Слёзы кончились. Комнату наполнило молчание. Стихли все звуки. Тишина была плотной, матовой, изредка доносящиеся с улицы звуки одинокого транспорта не могли наполнить её. Даже дыхания человека не было слышно. Потом, спустя какое-то время, раздался знакомый звук отворачивающейся крышки. И голос.

– Не знаю, что там у тебя на уме. Да… и не важно. Давай так….

Человек неуверенно поднялся, проплёлся кое-как к дивану, шуршал в темноте, пытаясь что-то нащупать среди своих вещей. Нашёл. Выронил. Шарил по полу непослушными руками. Неестественно долго пытался поднять. Потом вернулся и положил тяжёлый предмет на стеклянный стол.

– Или ты. Или я. По-честному. – слова его неоправданно растягивались. – Чего уставилась? Я от слова не отступлю. Коли мне выпадет – так и быть. Так и сделаю. Ну а коли тебе – не обессудь. Поглядим, на чьей стороне правда. Кто из нас более богу мил? Кто заслуживает продолжения, а кто – мусор, удобрение для того, чтобы другой процветал.

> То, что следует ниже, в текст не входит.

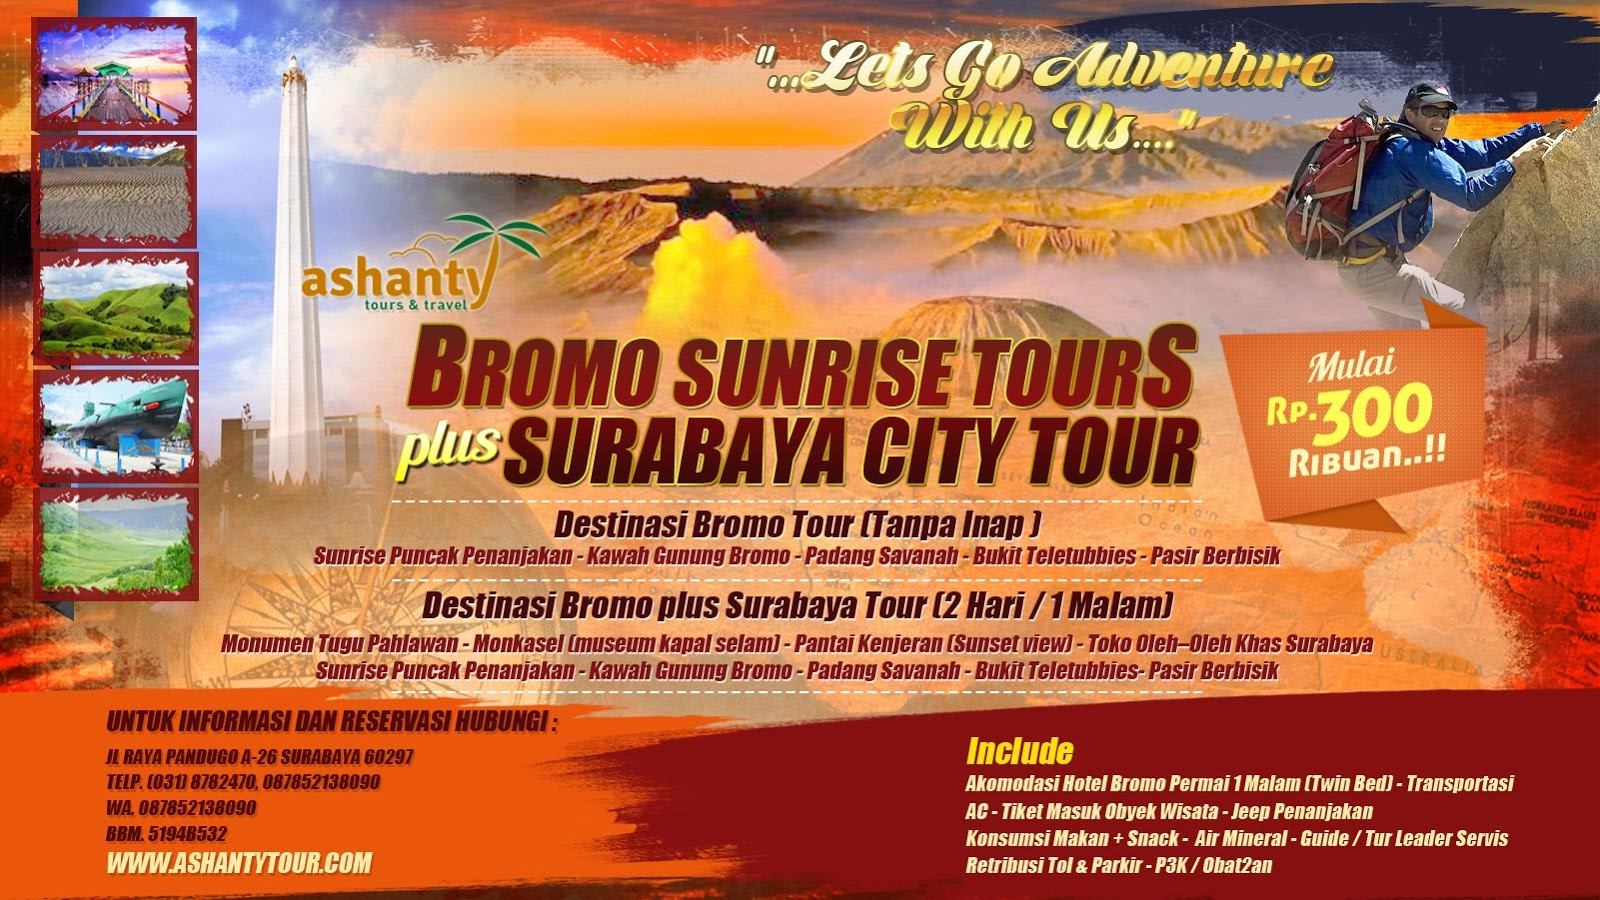 paket liburan ke bromo murah, paket wisata bromo dari surabaya, paket tour bromo murah dari surabaya

Собака смотрела на человека. Как и прежде, смысл слов был недоступен. Но в голосе его она почуяла угрозу. Поняла своим собачьим нутром, что слова эти обретают для неё реальную опасность. От них пахло агрессией и чем-то неведомым, чем-то, от чего бежали её предки. Угроза была невидимой, но в то же время ощутимой и реальной. Собака насторожилась.

Человек на каком-то животном уровне ощутил, что непременно должен сделать это. Сделать, чтобы выжить. Или наоборот. Дальнейшее существование без этого поступка казалось совершенно невозможным и ненужным. Это было необходимо. Он обязательно разберётся потом со всем. Запрячет поглубже проявившуюся слабость, вернёт жену, образумит сына, вновь вскарабкается по служебной лестнице. Он сможет, да! Но единственно в том случае, если не будет больше этих проклятых янтарных глаз, ведь они не смогут скрыть, они будут постоянным напоминанием о его ничтожности. Как он сможет вновь встать на рельсы, как сможет вернуть себе достойное звание полноценного человека, если каждый раз, видя их, он будет испытывать этот давящий груз собственных недостатков? Он был убеждён, что сможет договориться и со своей памятью, и со своей совестью, он сможет списать всё на алкоголь, если только этот чёртов янтарь перестанет сиять таким искренним, невыносимым светом. И потому остаться должен был кто-то один.

– Ну и где взять простую монету в этом безналичном мире? – пробубнил он, безуспешно шаря по карманам, отшвыривая от себя пластиковые карты. Почти отчаявшись, он вновь потянулся за бутылкой. Кое-как влил в себя пару глотков, сдержав приступ подкатывающей тошноты, и закинул в рот несколько кусков лимона. Задел рукавом нож. – Не надо монеты! Выход найден! Гениальному человеку пришло гениальное решение!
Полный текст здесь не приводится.